Арктическое лето - страница 51

Шрифт
Интервал


Хом привел Моргана на чай в дом верного сторонника Ольстерского Клуба реформ, который противился установлению любой из форм автономии. Этот человек, во всем прочем придерживавшийся широких либеральных взглядов, сразу же заявил Хому и Моргану:

– Белфаст готов выслушать любого человека, но только не Иуду, и не того, кто при каждом удобном случае выворачивает пальто наизнанку.

Так в Ирландии именовали ренегатов, и Морган почти автоматически бросил быстрый взгляд на свое крайне удобное и практичное двустороннее пальто – он не помнил, какой стороной его сегодня надел. И с трудом подавил ухмылку.

– Мы не собираемся действовать в соответствии с какими-то там принципами, – громко продолжал говорливый политик. – И мы не станем притворяться, что эти принципы у нас есть.

Его миниатюрная жена, которая чуть поодаль от стола занималась с ребенком, неожиданно вторглась в разговор, заявив:

– Это только показывает бесполезность любых принципов.

После чего, но уже более взволнованным и высоким голосом, она повторила эту сентенцию своему младенцу.
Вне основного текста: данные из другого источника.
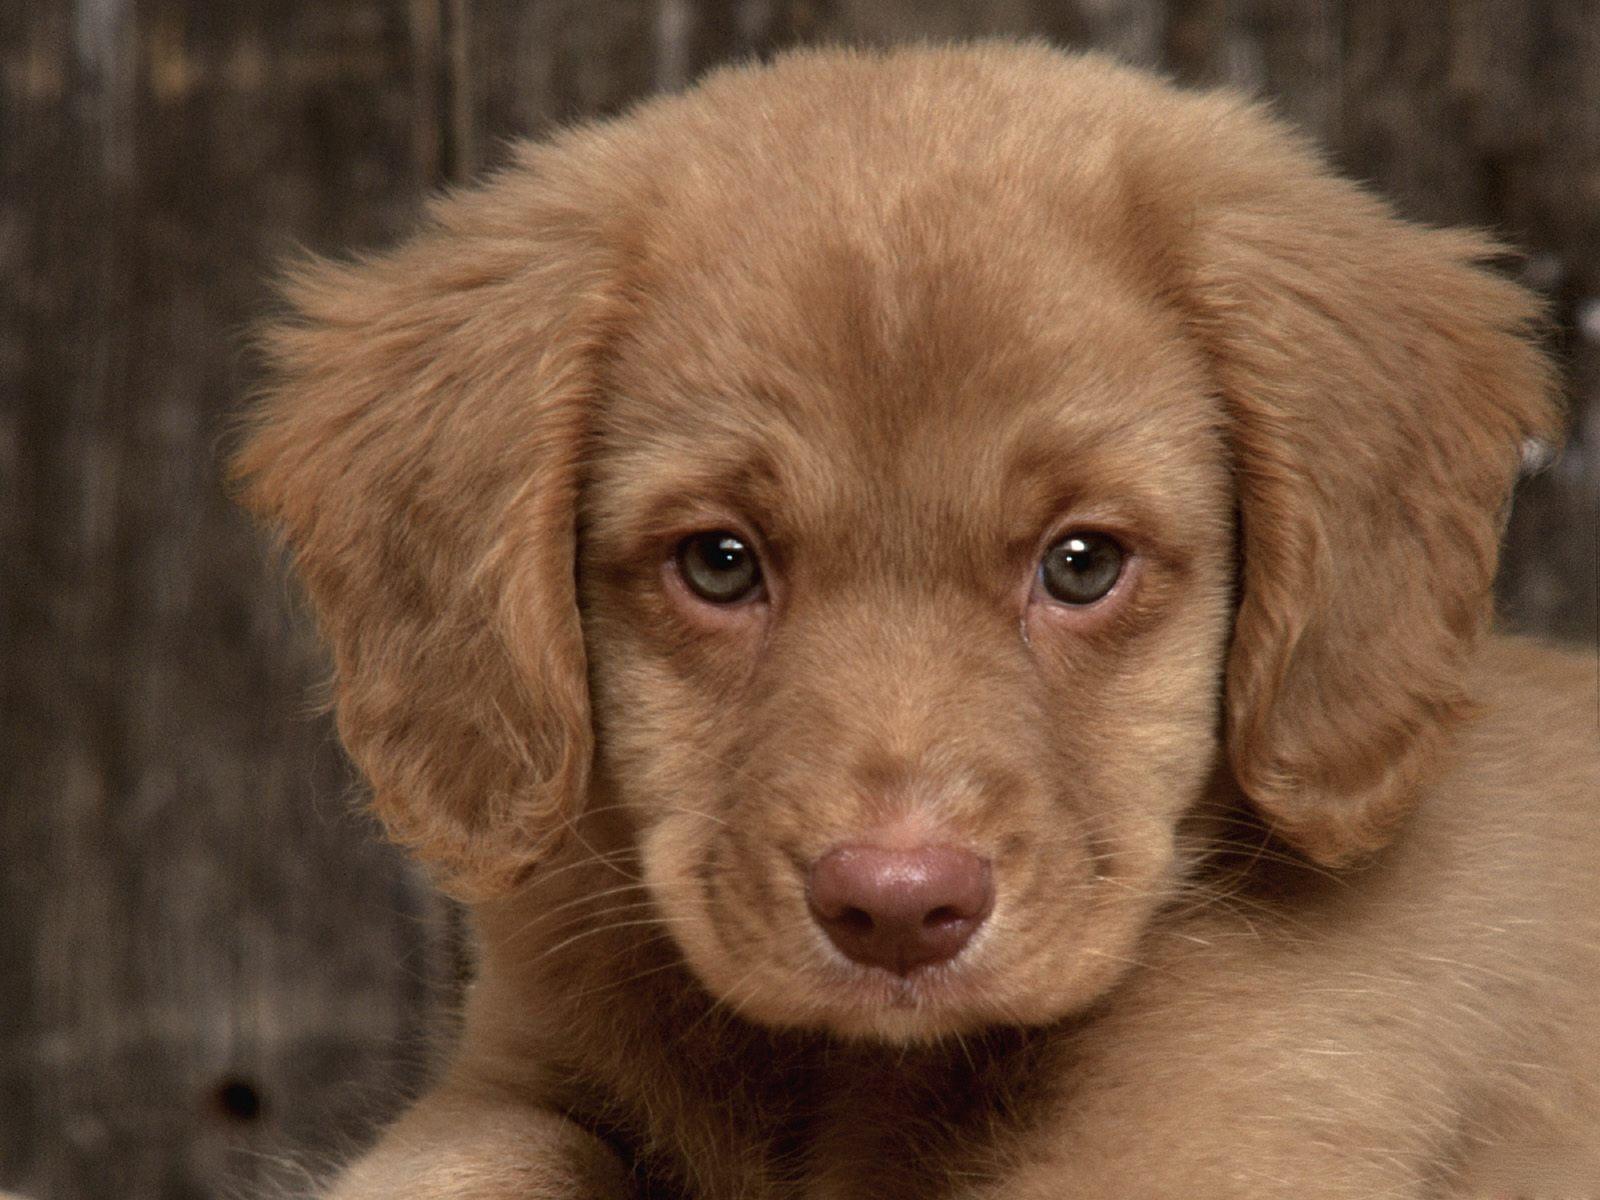 http://2.bp.blogspot.com/-3MUbNQoF19I/UJXoNeifbNI/AAAAAAAASD4/K_yaazR0RAU/s1600/cachorritos+(8).jpg
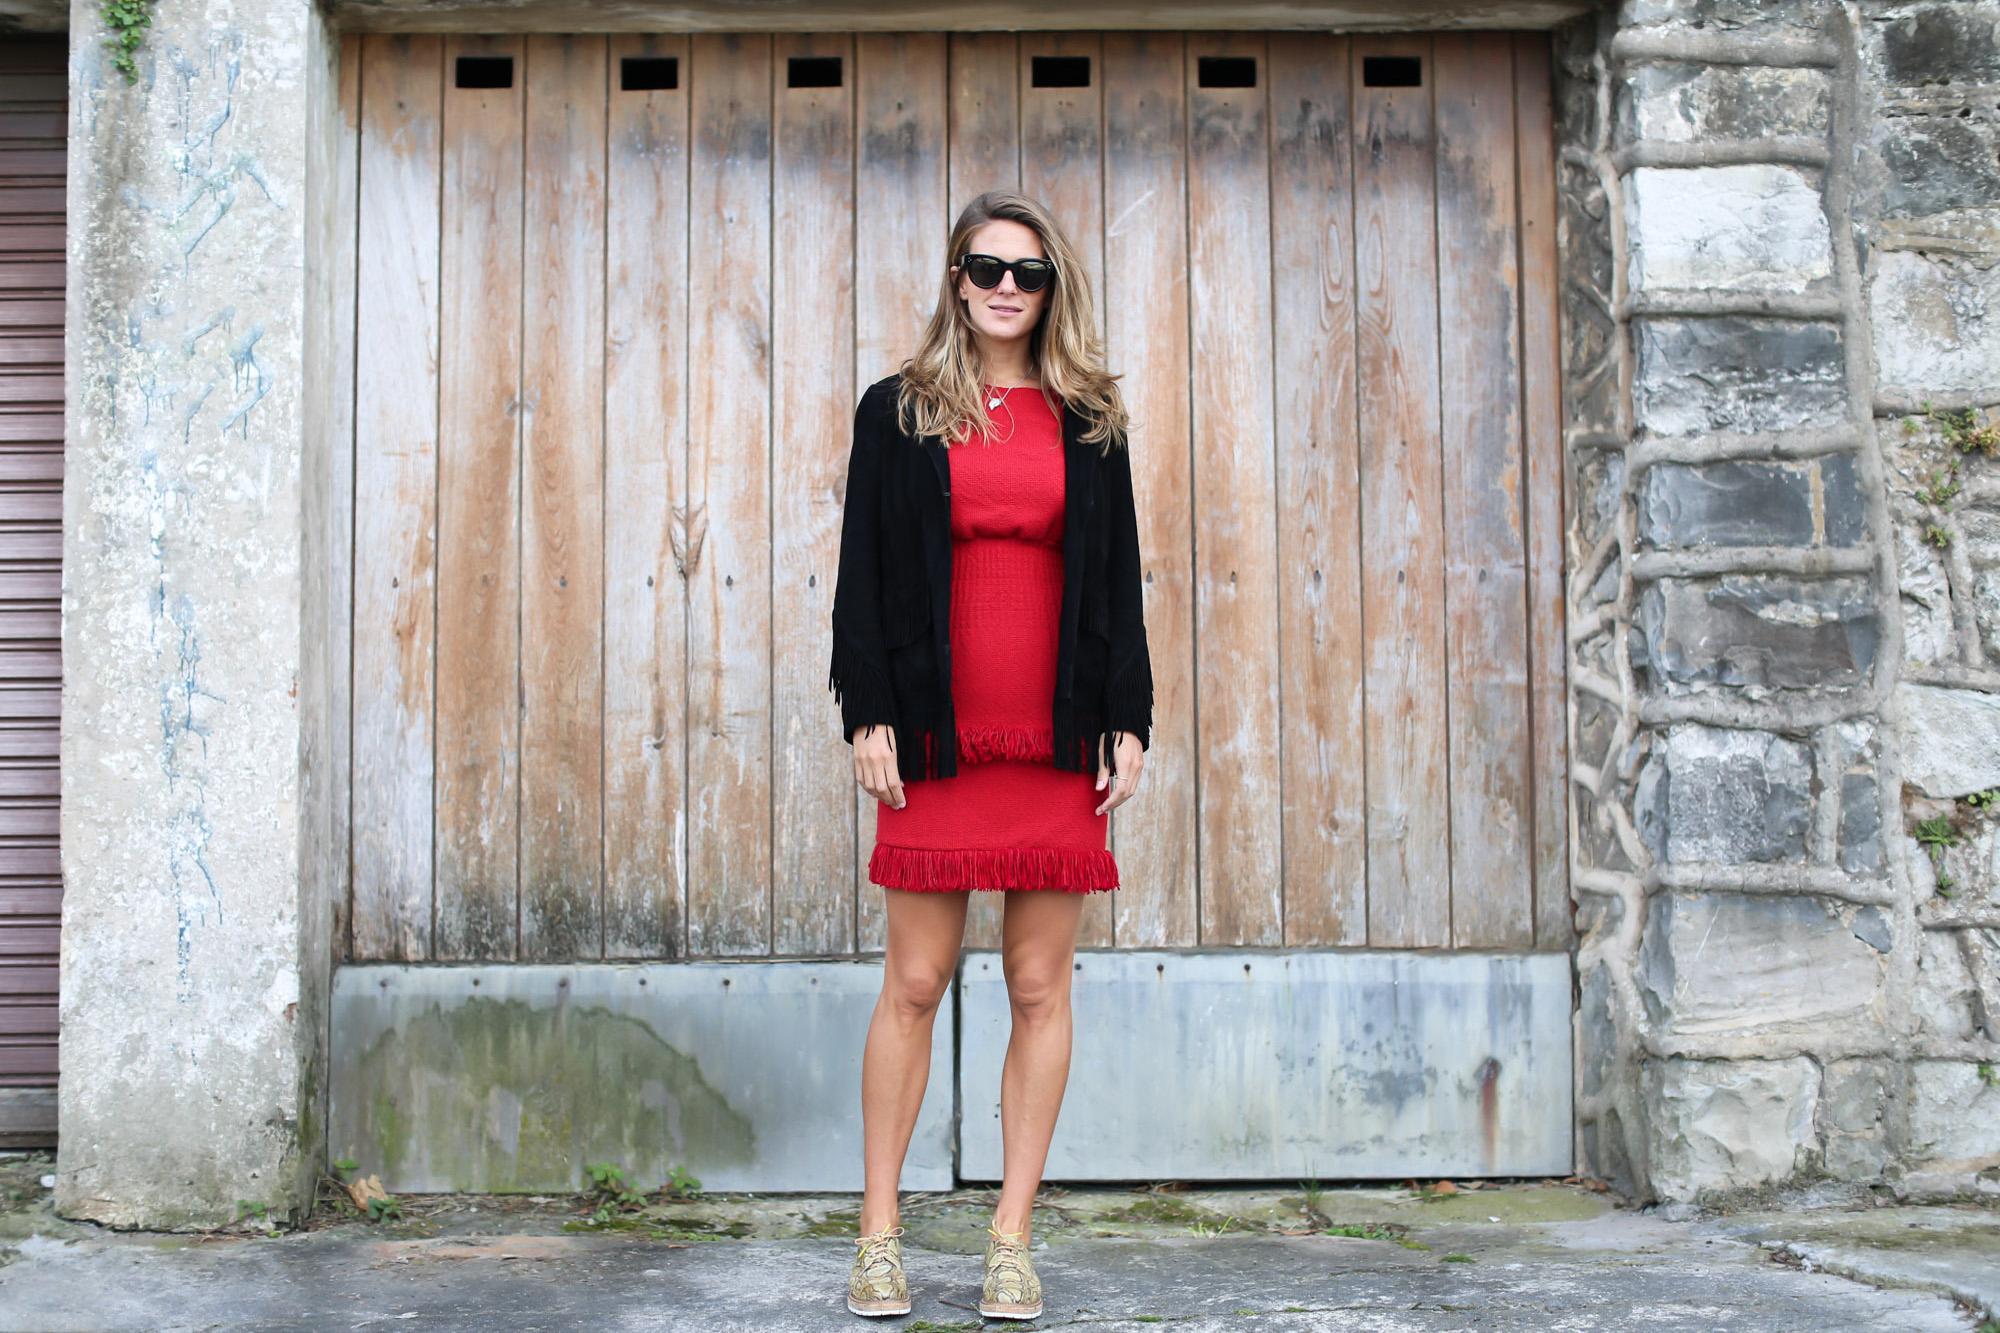 clochet_streetstyle_fashioblogger_maje_paris_reddress_majesuedefringedjacket_pertini_brogues_celine_sunglasses

Все события были в высшей степени тревожными. Морган, уезжая, пообещал матери, что не станет участвовать в массовых сборищах на ближайшем стадионе, но везде, куда бы он ни направился, атмосфера была накалена и жестокие стычки могли произойти буквально из ничего. В город было введено до четырех тысяч военных дополнительно. Морган отправился к центральной гостинице, где остановился Черчилль, и ждал там вместе с толпой, сгрудившейся в фойе. Он не знал, зачем пришел сюда, тем более что особой любви к этому человеку не питал. Но момент был исторический. Он услышал рев толпы, собравшейся на улице, когда Черчилль появился у окна, а вскоре этот невысокий, но крупный человек с болезненно-бледным лицом цвета корня, сидящего глубоко под землей, появился в фойе и, проходя сквозь толпу к выходу, задел Моргана. Не уверенный, как ему ответить на это прикосновение, Морган вежливо приподнял шляпу.
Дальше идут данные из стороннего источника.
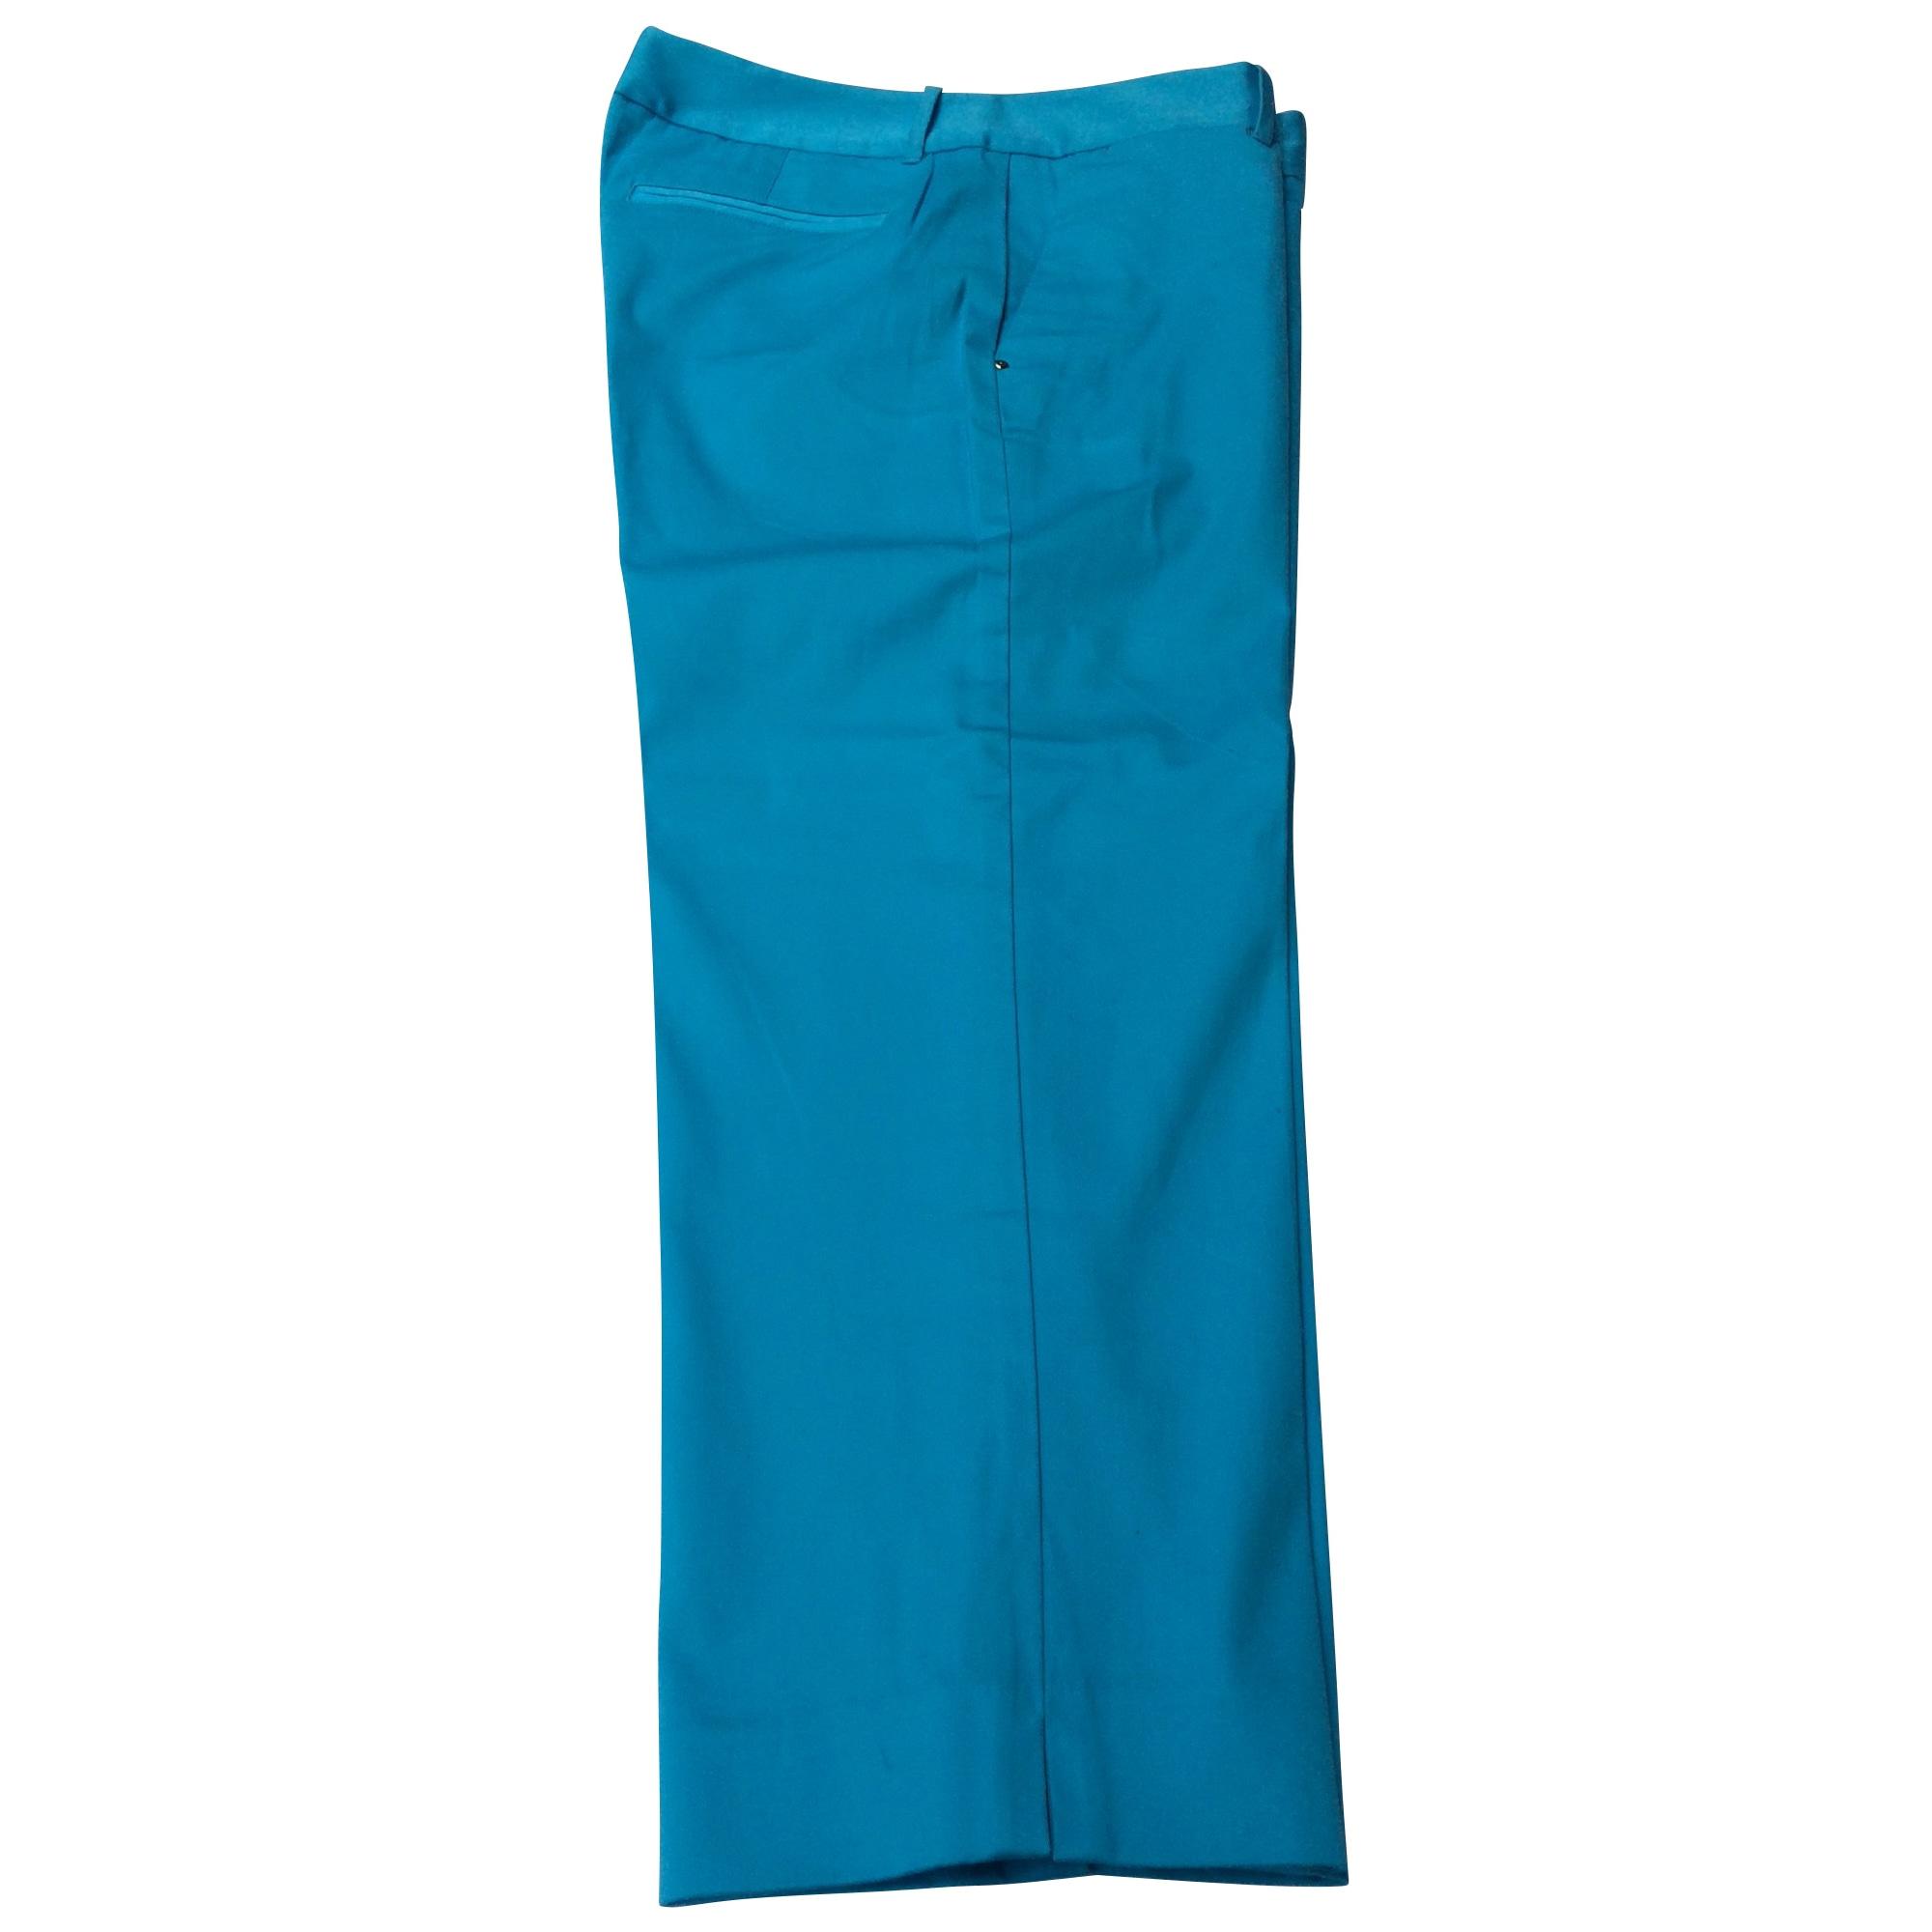 Pantalon droit RALPH LAUREN Bleu, bleu marine, bleu turquoise

Взрастающие побеги религиозного конфликта породили первые трещины на монолите империи. Морган возвращался домой с таящимся в глубине души беспокойством, ощущая под ногами глухие подземные толчки. И это ощущение тревоги, казалось, не имеющей корней, и дома не позволяла ему чувствовать себя спокойно. Желание писать в нем иссякало, а без него жизнь была совершенно пустой. Он влачил свои дни, читая газеты и переедая за столом, иногда выполняя поручения матери, а иногда катая ее на лодке по реке. Спал в кресле в саду и без всякого энтузиазма играл на фортепиано. Себе он казался человеком без хребта, неспособным определить свою сущность хотя бы для того, чтобы в ней разочароваться.